General information
- Type: Transport
- National origin: USSR
- Manufacturer: NIAI
- Designer: Alexei Ivanovich Lisichkin and Vladimir Fedorovich Rentel
- Number built: 21

History
- First flight: May 1933

= NIAI LK-1 =

The LK-1 (Leningradskii Kombinat - Leningrad combine), (a.k.a. Fanera-2 – "Plywood no.2"), (a.k.a. NIAI-1) was a blended wing four-seat cabin aircraft designed and built in the USSR from 1933.

== Development ==
In 1930 the LIIPS (" Leningrad institute for sail and communications engineers") formed a UK GVF ( training centre for civil air fleet), and in turn the UK GVF formed the NIAI (Naoochno-Issledovatel'skiy Aero-Institoot (NIAI, "scientific test aero-institute") which became the focus of several good design engineers who were given command of individual OKB (Osboye Konstrooktorskoye Byuro – personal design/construction bureau).

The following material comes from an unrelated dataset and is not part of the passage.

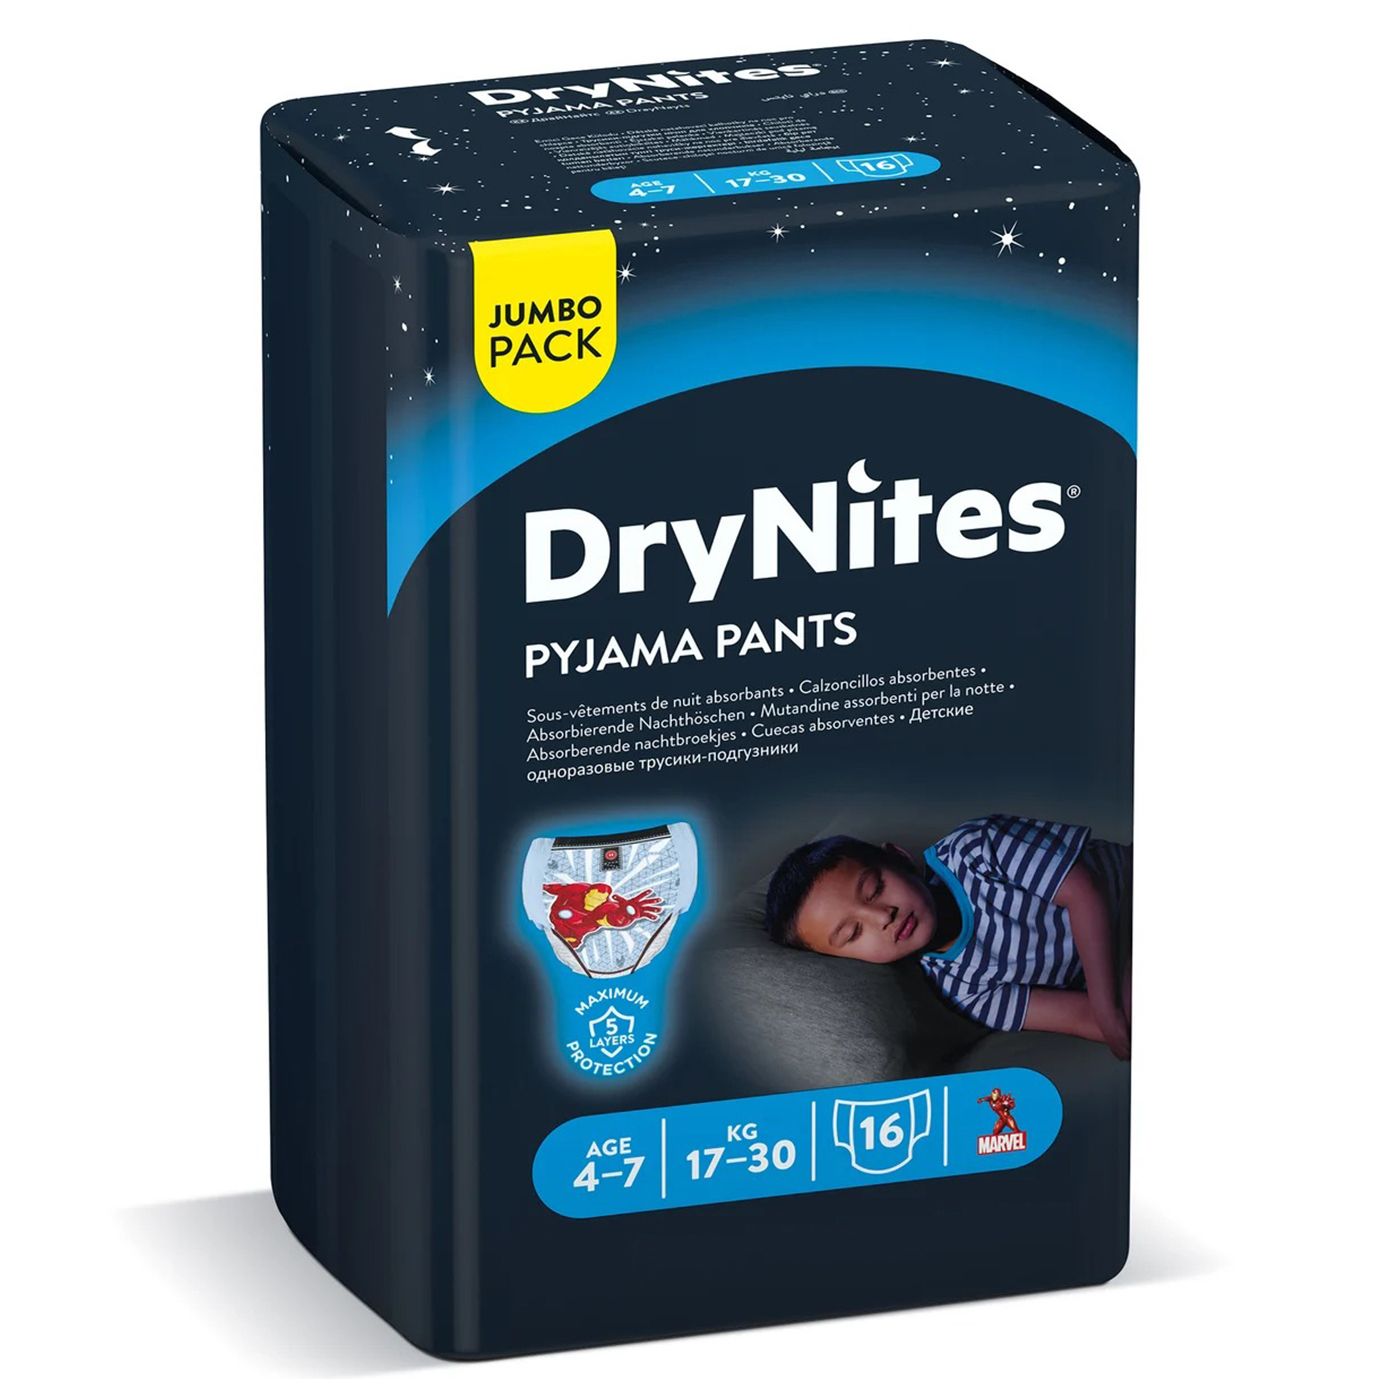 huggies drynites boys

Lisichkin and Rentel designed the LK-1 in an attempt to build a very efficient small transport aircraft with the wing blending into the fuselage, forming the cockpit and cabin, with seats for three passengers and one pilot with extensive glazing. Construction was all of wood/plywood, with a conventional single spar wing with plywood covering. The engine, with Townend ring cowling, was fitted on the centre-line between the cockpits which gave the pilot an asymmetrical view through the leading edge glazing. The fixed tricycle undercarriage was fitted with spats to reduce drag.

Flight trials at Leningrad and state acceptance tests at the NII GVF(Naoochno-Issledovatel'skiy Institoot Grazdahnskovo Vozdooshnovo Flota - "scientific test institute for civil air fleet"), in Moscow, were very successful and an order for twenty production aircraft with modified tails, spats removed, no Townend ring, and other modifications was placed, for use by Aeroflot inside the USSR and the Arctic.

== Variants ==
- NIAI-1P – (Poplavkoviy – with floats), at least one aircraft fitted with twin floats.